There is little more to add this week. I am working with the palliative care team to get the right mix of pain medicine. This is an ongoing process which seems to be bearing some fruit. I am, at least, emerging from the fog enough to write a cognizant paragraph or two. Maybe not!
Companionship:
I am deeply grateful for the gift of companionship that has been shared with me at this time. This gift is given in so many ways. The very word "companion" has always inspired me. It's roots suggest a literal sharing of bread, "
com - pan" with bread. Much of the companionship I share these days is indeed "with bread".
I have many colleagues, family, and friends who live deeply with me through these days of my illness. I am mindful of their presence, their compassion, and their love even though my illness has created this barrier. Not a real, physical barrier, but one of sleepiness and immobility.

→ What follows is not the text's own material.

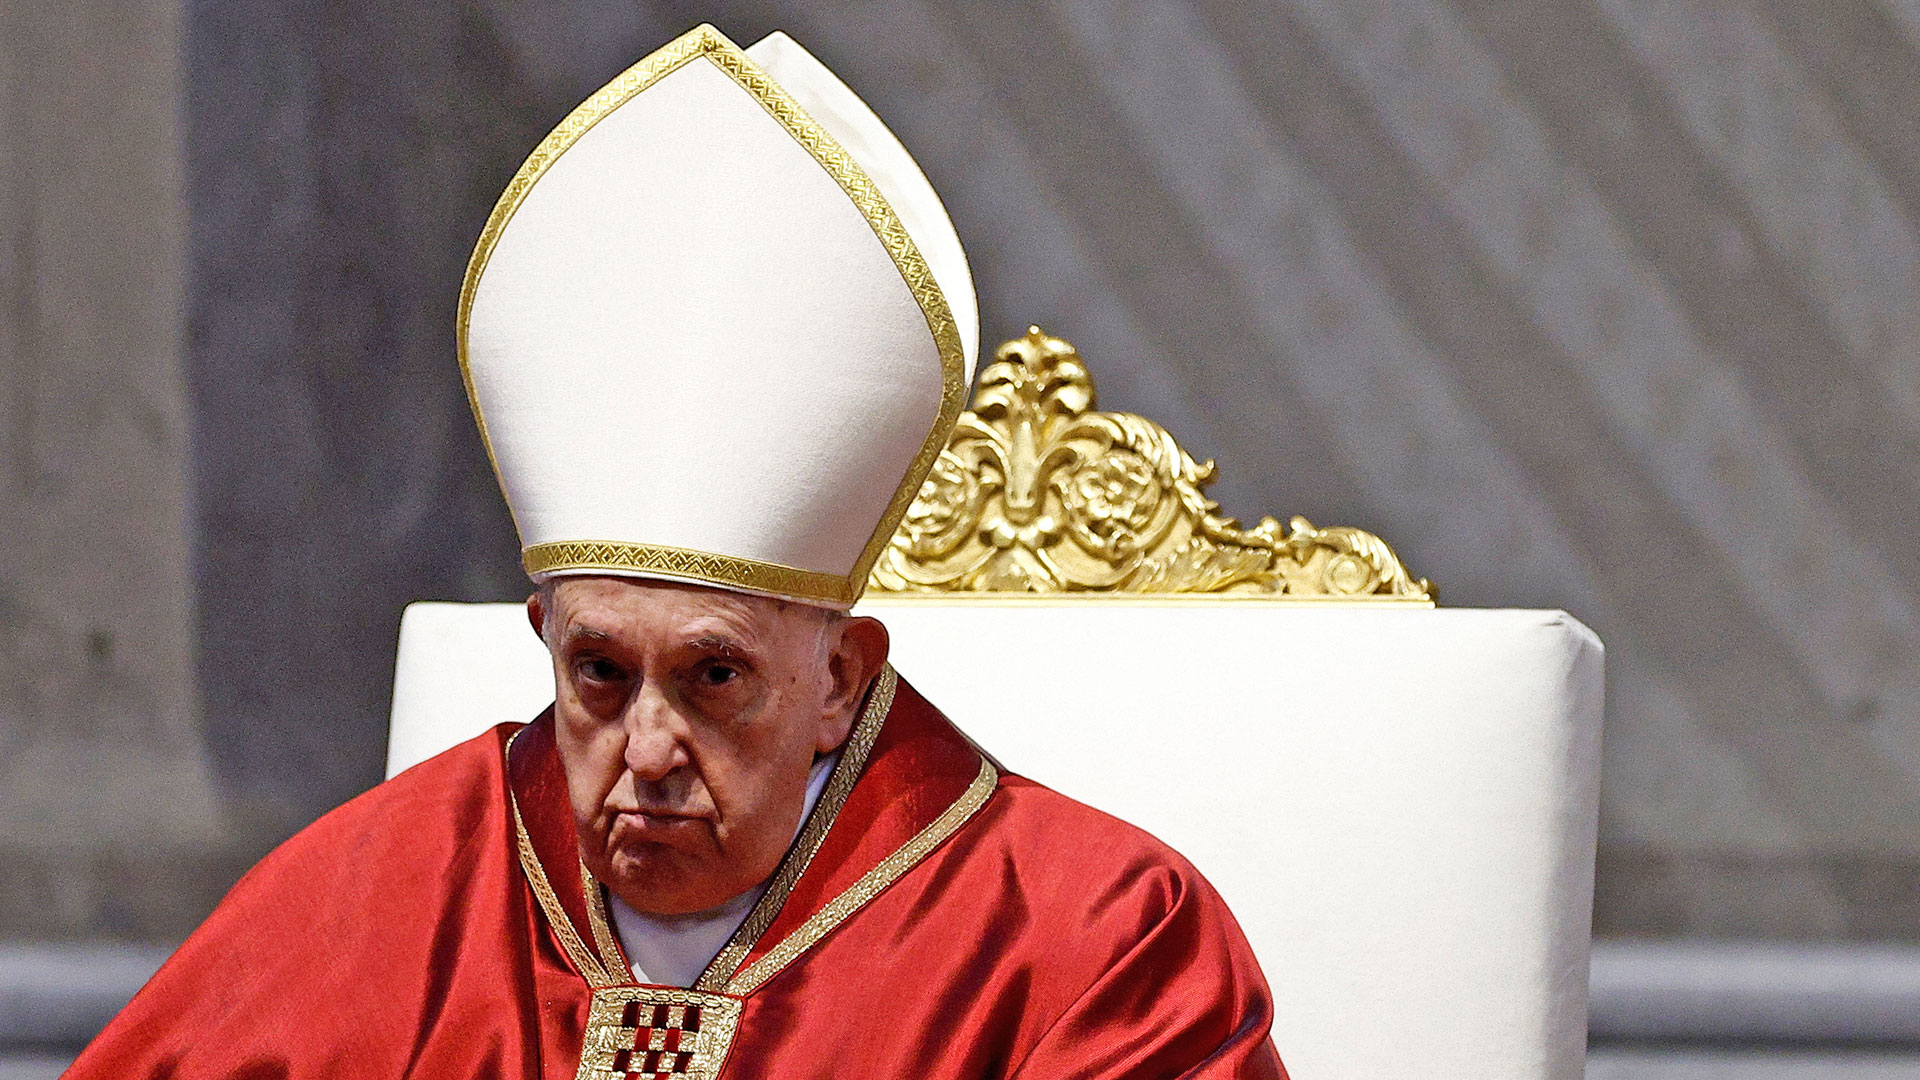 El libro que busca “hacer un lío suficiente para que al Papa casi le parezca demasiado”
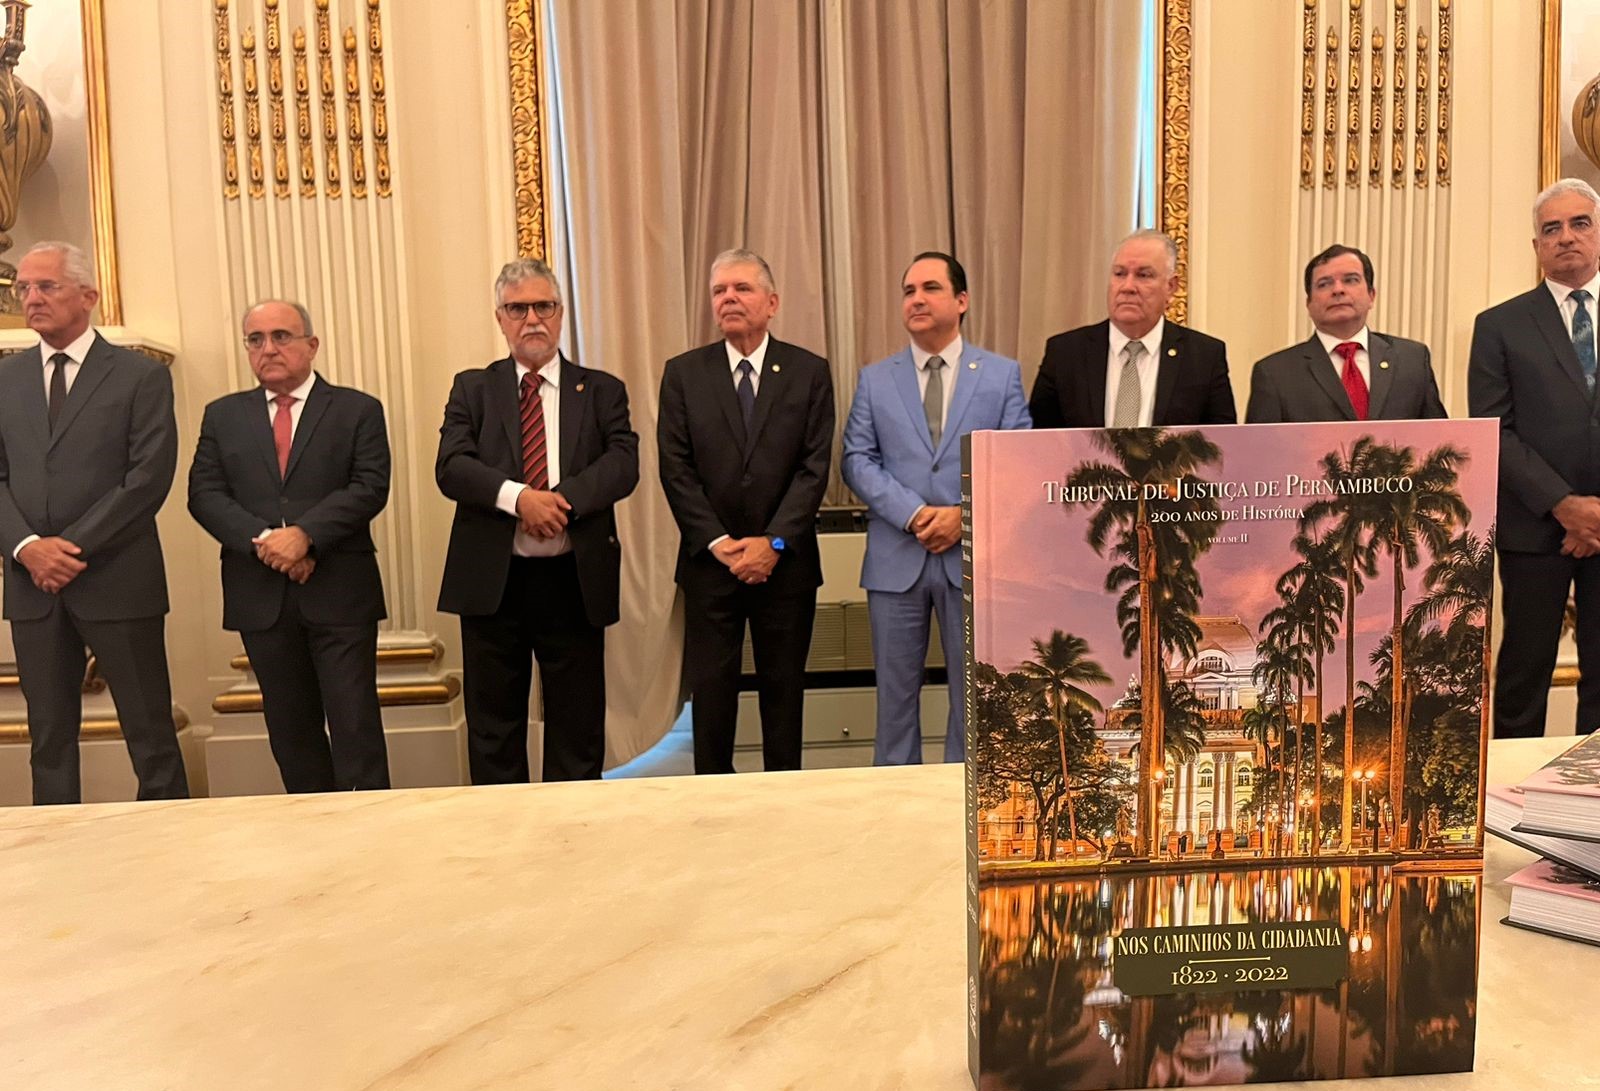 Solenidade de lançamento do livro "Tribunal de Justiça de Pernambuco - 200 anos de história", no Salão Nobre do Palácio da Justiça.

People ask, "Should we call? Can we visit? When are your "down times"?. Well, for now, I still enjoy afternoon visits in the condo and Pam and I enjoy weekend visits, mostly at home. Email is probably the best way to connect. If that changes we will let you know.
We are NOT Alone.
I wrote at some point earlier in
"A Cancer Journal" of the very "real presence" of those who break bread and walk with us in our times of trial (
"We Are Not Alone"). it is equally true that many of those who have shared their lives and since died remain with us divine companionship.
One of my favourite living mentors is Joyce Rupp. I share this short prayer as a reflection on my own inner geography at this time. It calls for a slow, prayerful reading, if you are lucky enough to find such space in your life.
Divine Companion,
there's an ache in my heart
that stretches like a canyon,
crying out for all the familiar
faces and places of yesterday.
All the tears of my loneliness
gather themselves together quietly;
a hollow sadness rises in my soul
and presses against my every moment.
I am a lost one in a foreign land,
an orphaned one without a home.
I am out of place and unsettled,
yearning for peace that hides from me.
My feet take me through each day
but the rest of me just drags along,
wondering if I will ever feel at home,
doubting if this path is right for me.
Ever-Abiding Life Giver,
be a source of hope for me this day
as I adjust to this great change.
Be a sparkle of joy in my spirit
as I struggle with the pain of farewell.
Be a strong connector of love for me
as I leave many treasured ones behind.
Consoling One of My Heart,
assure me with glimmers of peace
that this transition can be a source of growth.
Grant me hopeful eyes to see beyond today
to the time when joy will tumble freely.
Lift up my heart and comfort me.
Joyce Rupp
Peace be with you... Rob; in Vancouver
"Life is short. And we do not have long to
gladden the hearts of those who walk the way with us.
So let us be swift to love. And let us make haste to show kindness."